Но кто в нашу эпоху способен так естественно ощущать деревья, ландшафты, камни как живые существа, тела-души, чувствовать в деревьях и в воде живущих там нимф, камни ощущать шевелящимися изнутри? Конечно же, дети. Людвиг Тик так прямо и говорил: "Дети стоят среди нас как великие пророки". "Где дети, там Золотой век... - добавляет Новалис. - Первый человек был первым духовидцем; для него все было духом. Дети подобны первым людям. Ясный взор ребенка говорит больше, чем догадка самоуверенного прорицателя"*.
* "Первобытное человечество представляется Новалису как царственный народ, которому мы обязаны нашими самыми важными знаниями. Речь этих людей отличалась магической силой: она была "сверкающей связью между ними и нездешними странами и существами". Тогда человек еще не отделился от природы; он понимал все предметы, и они отвечали ему пониманием, и он входил в их великий союз. "Природа была для людей подругой, утешительницей и жрицей, творящей чудеса, когда она жила среди них, и общение с небесным делало их бессмертными". Один дух был во всякой плоти, еще неразделенный..." - писал В. Жирмунский.
Для Новалиса задача поэта - не только не утратить, этого детского знания, но и "упрочить свои связи с невидимым миром", расширять и углублять их. "Мир должен быть романтизирован. Только так можно помочь ему вновь обрести изначальный смысл", - утверждал Новалис. Именно к этому уяснению "изначального смысла" мира, его корня и было направлено мистическое чувство поэта. Он называл еще свой метод "качественным потенцированием", то есть углублением в истоки уникальности вещей, что делает и камера Тарковского.

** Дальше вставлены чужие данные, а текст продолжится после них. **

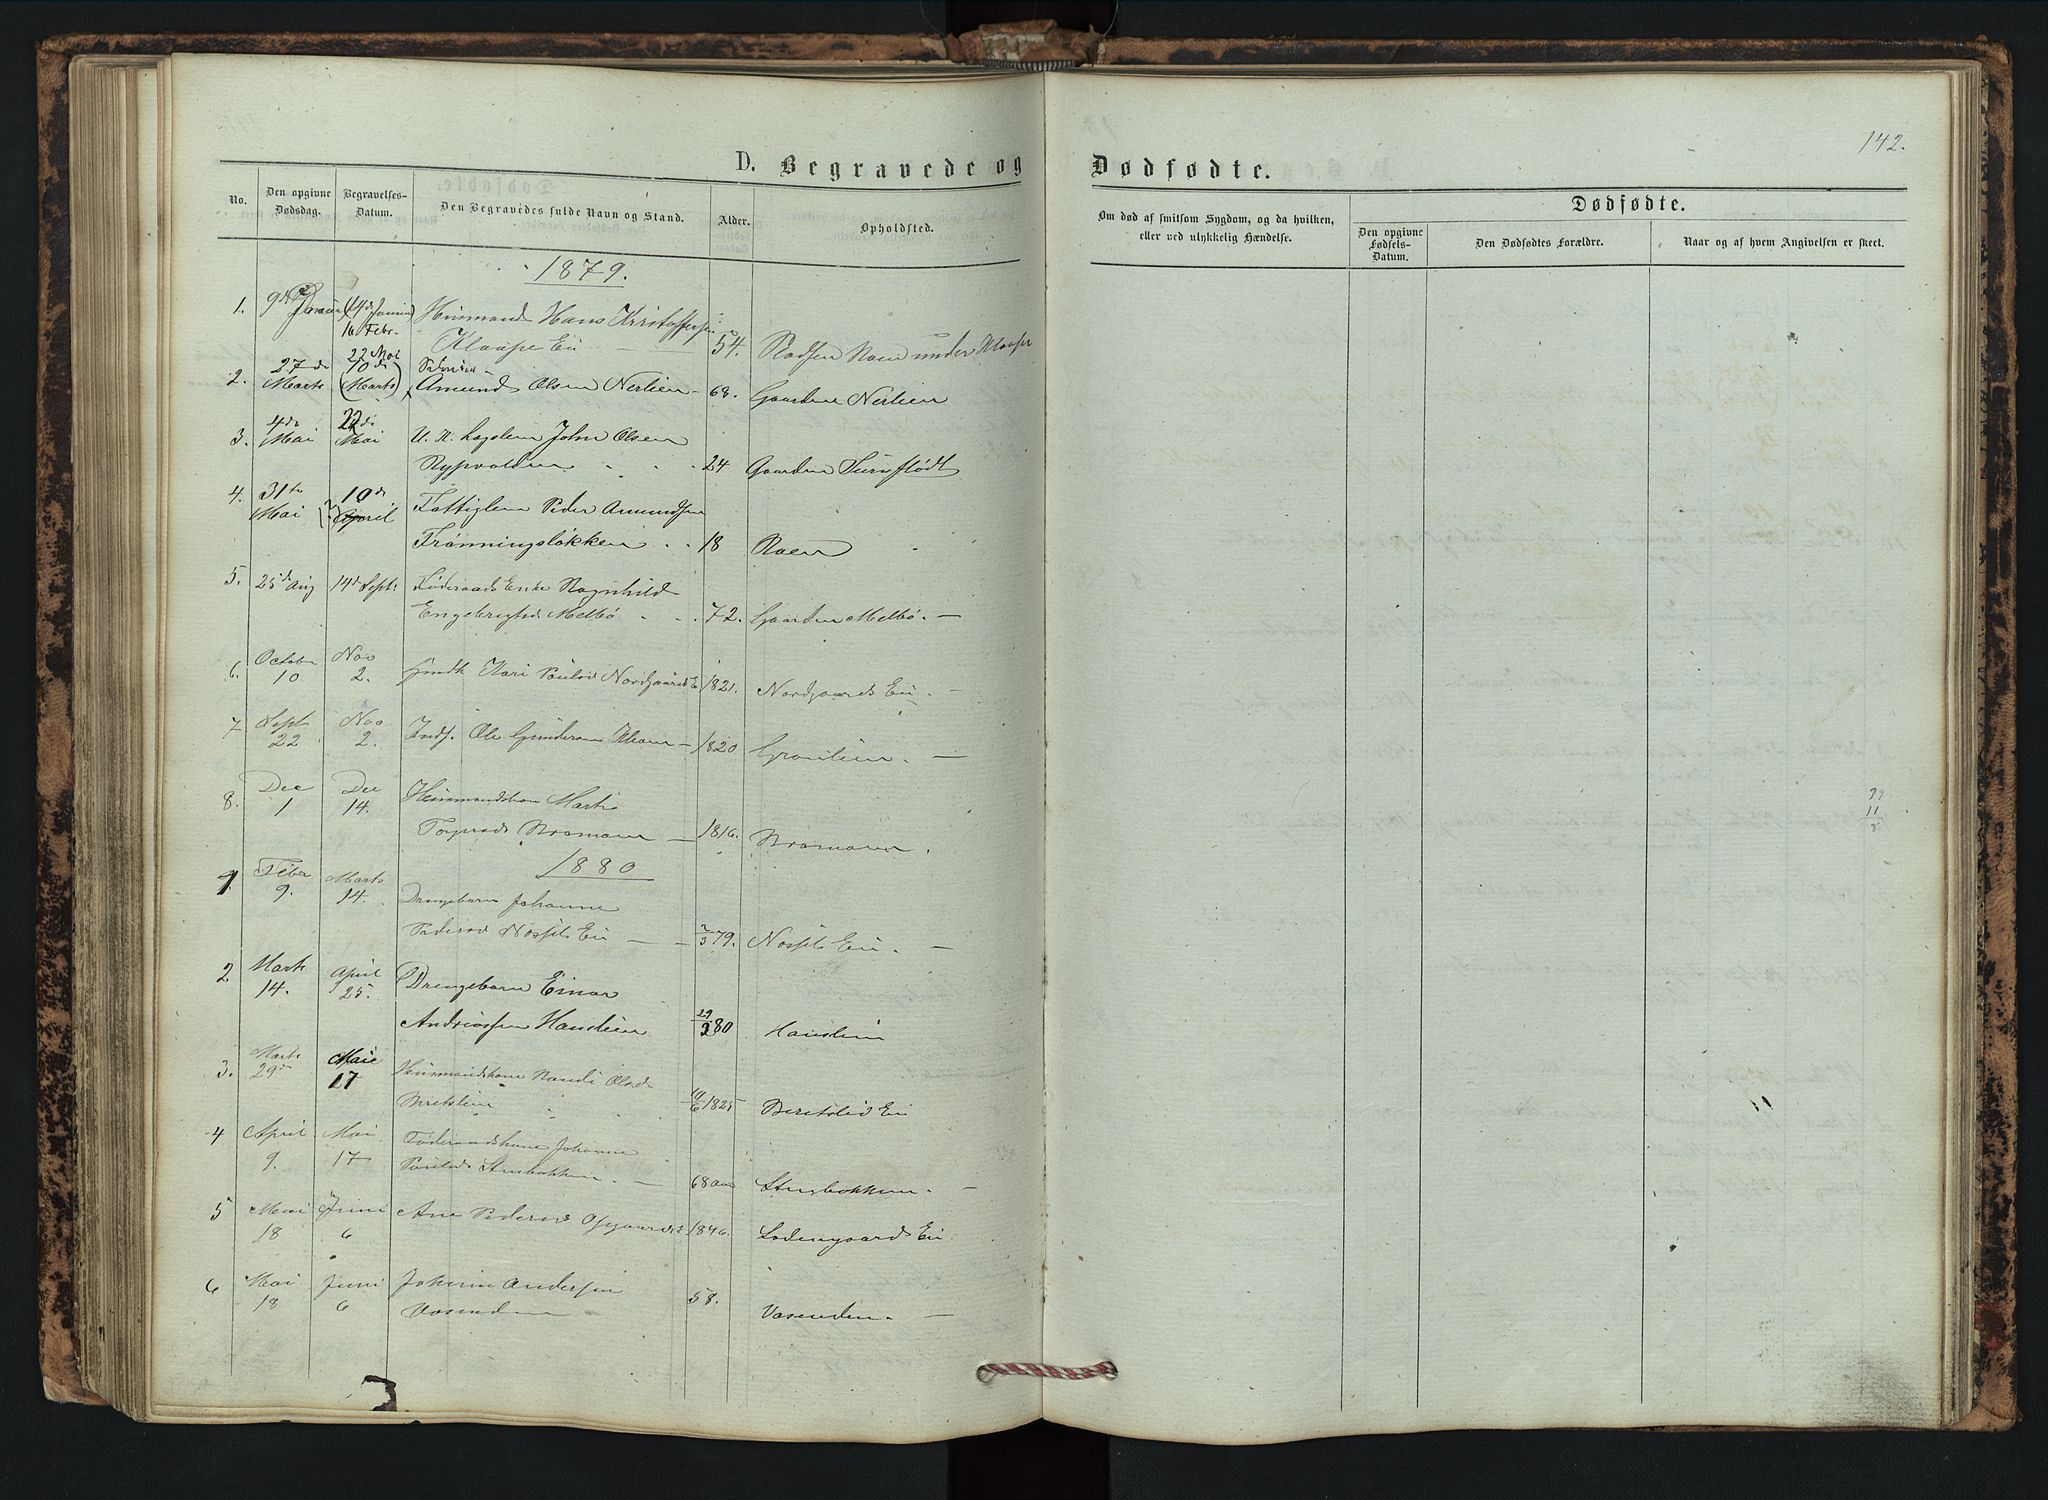 SAH, Vestre Gausdal prestekontor, Klokkerbok nr. 2, 1874-1897, s. 142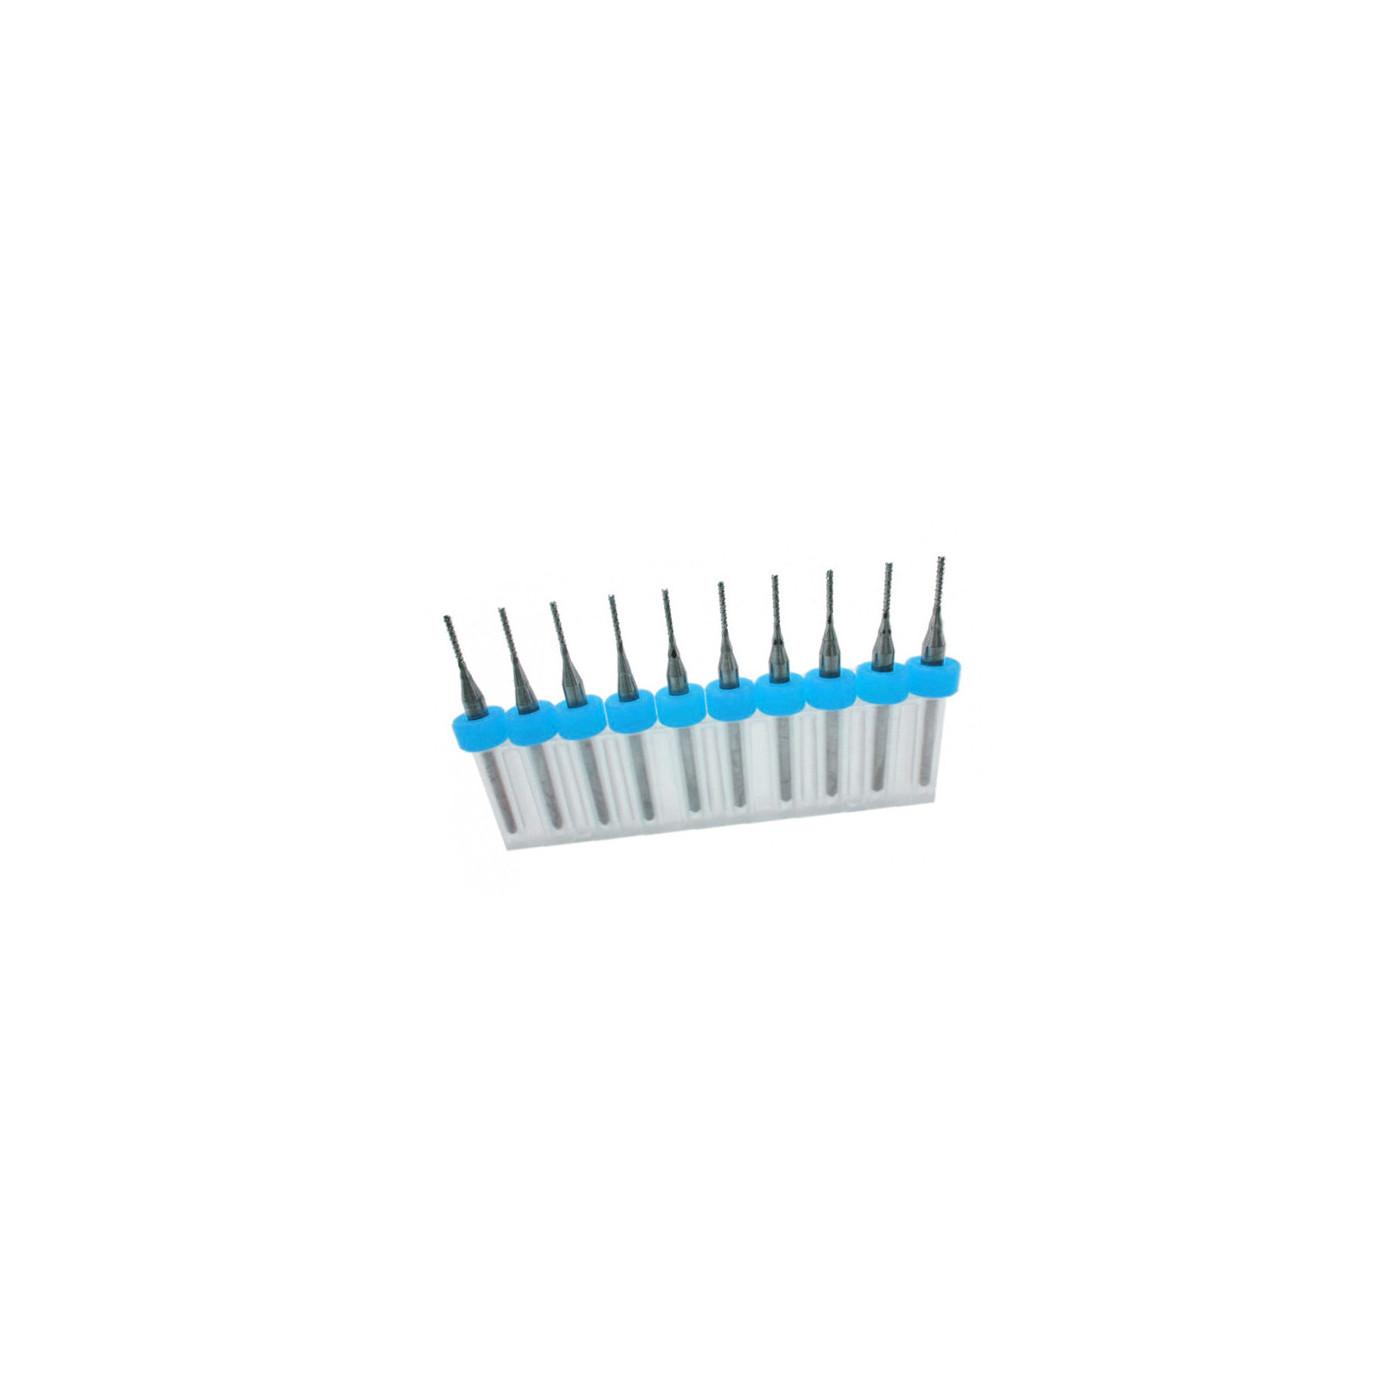 Conjunto de 10 fresa de micro-fresadoras (0,80 mm)  - 1

"Меня интересует человек, в котором заключена Вселенная", - это Тарковский в "Запечатленном времени". Новалис:
"Мы мечтаем о путешествиях по Вселенной, но разве Вселенная не внутри нас?.."
Ему вторит Тарковский:
"Г. Бахман: В своих фильмах ты часто используешь путешествие как метафору. Но никогда у тебя это не было так ясно выражено, как в "Ностальгии". Считаешь ли ты себя самого путешественником?
Тарковский: Есть только один вид путешествия, которое возможно, - в наш внутренний мир. Куда бы ты ни попал, ты продолжаешь искать свою душу".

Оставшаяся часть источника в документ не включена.